我们来看在MaybeScheduleFlushOrCompaction中compact的调用.这里可以看到RocksDB中后台运行的compact会有一个限制(max_compactions).而我们可以看到这里还有一个变量 unscheduled_compactions_,这个变量表示需要被compact的columnfamily的队列长度.

  1. while (bg_compaction_scheduled_ < bg_job_limits.max_compactions &&
  2. unscheduled_compactions_ > 0) {
  3. CompactionArg* ca = new CompactionArg;
  4. ca->db = this;
  5. ca->prepicked_compaction = nullptr;
  6. bg_compaction_scheduled_++;
  7. unscheduled_compactions_--;
  8. env_->Schedule(&DBImpl::BGWorkCompaction, ca, Env::Priority::LOW, this,
  9. &DBImpl::UnscheduleCallback);
  10. }

类似flush的逻辑,compact的时候RocksDB也有一个队列叫做DBImpl::compaction_queue_.
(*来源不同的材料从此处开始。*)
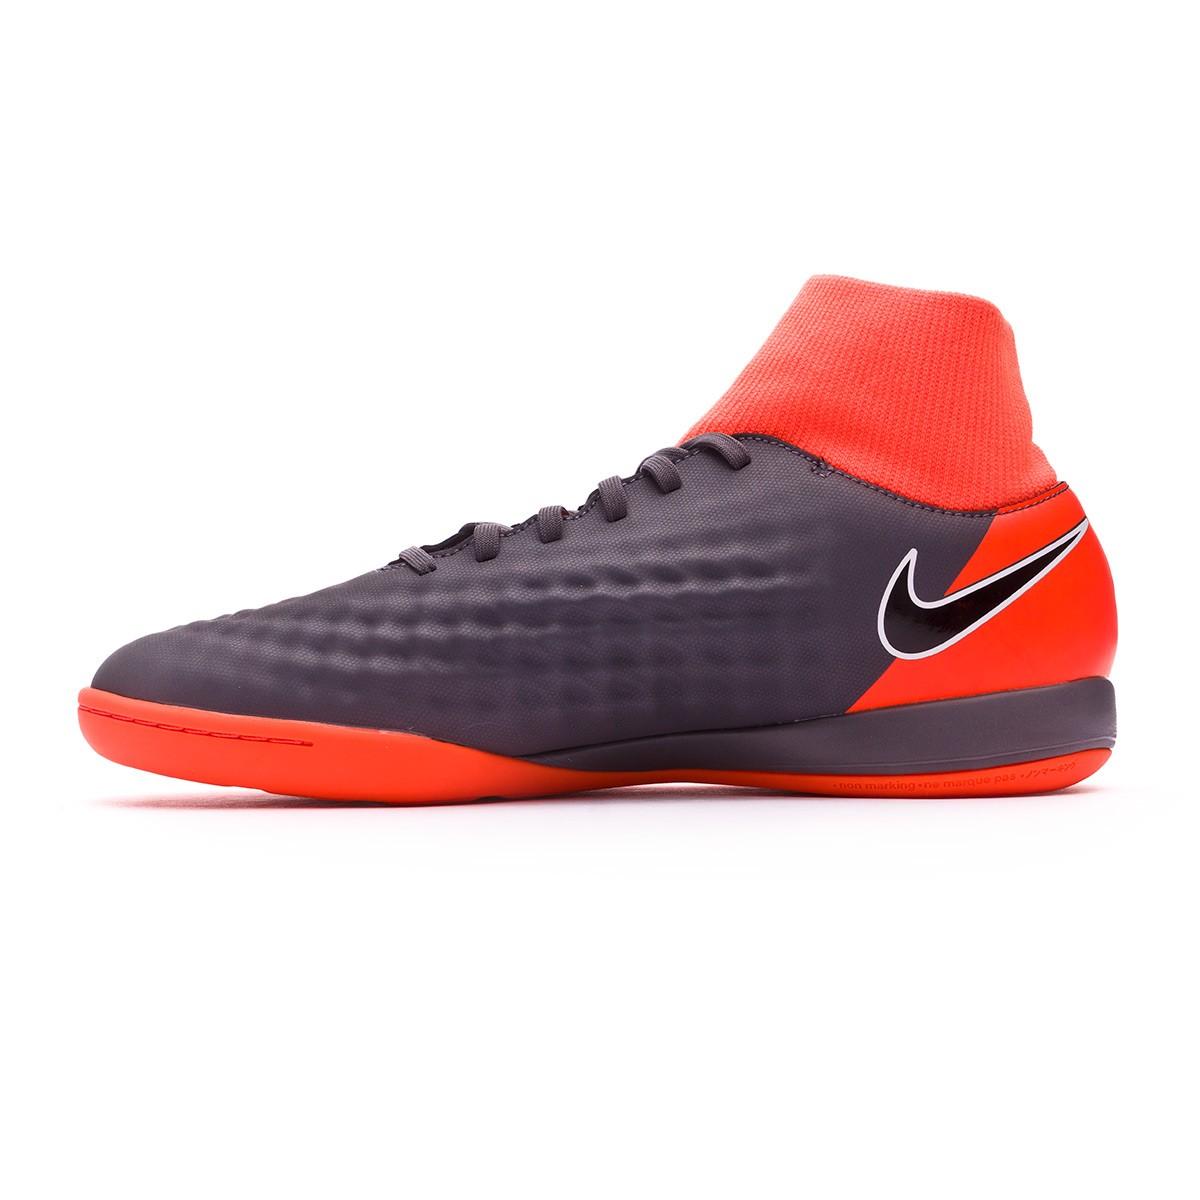 nike magista futsal shoes

  1. std::deque<ColumnFamilyData*> compaction_queue_;

然后我们来看这个队列何时被更新,其中unscheduled_compactions_和队列的更新是同步的,因此只有compaction_queue_更新之后,调用compact后台线程才会进入compact处理.

  1. void DBImpl::SchedulePendingCompaction(ColumnFamilyData* cfd) {
  2. if (!cfd->queued_for_compaction() && cfd->NeedsCompaction()) {
  3. AddToCompactionQueue(cfd);
  4. ++unscheduled_compactions_;
  5. }
  6. }

上面的核心函数是NeedsCompaction,通过这个函数来判断是否有sst需要被compact,因此接下来我们就来详细分析这个函数.当满足下列几个条件之一就将会更新compact队列

  • 有超时的sst(ExpiredTtlFiles)
  • files_marked_for_compaction_或者bottommost_files_marked_for_compaction_都不为空
    • 后面会介绍这两个队列
  • 遍历所有的level的sst,然后判断是否需要compact
    • 最核心的条件(上面两个队列都是在这里更新的).
  1. bool LevelCompactionPicker::NeedsCompaction(
  2. const VersionStorageInfo* vstorage) const {
  3. if (!vstorage->ExpiredTtlFiles().empty()) {
  4. return true;
  5. }
  6. if (!vstorage->BottommostFilesMarkedForCompaction().empty()) {
  7. return true;
  8. }
  9. if (!vstorage->FilesMarkedForCompaction().empty()) {
  10. return true;
  11. }
  12. for (int i = 0; i <= vstorage->MaxInputLevel(); i++) {
  13. if (vstorage->CompactionScore(i) >= 1) {
  14. return true;
  15. }
  16. }
  17. return false;
  18. }

因此接下来我们来分析最核心的CompactionScore,这里将会涉及到两个变量,这两个变量分别保存了level以及每个level所对应的score(这里score越高表示compact优先级越高),而score小于1则表示不需要compact.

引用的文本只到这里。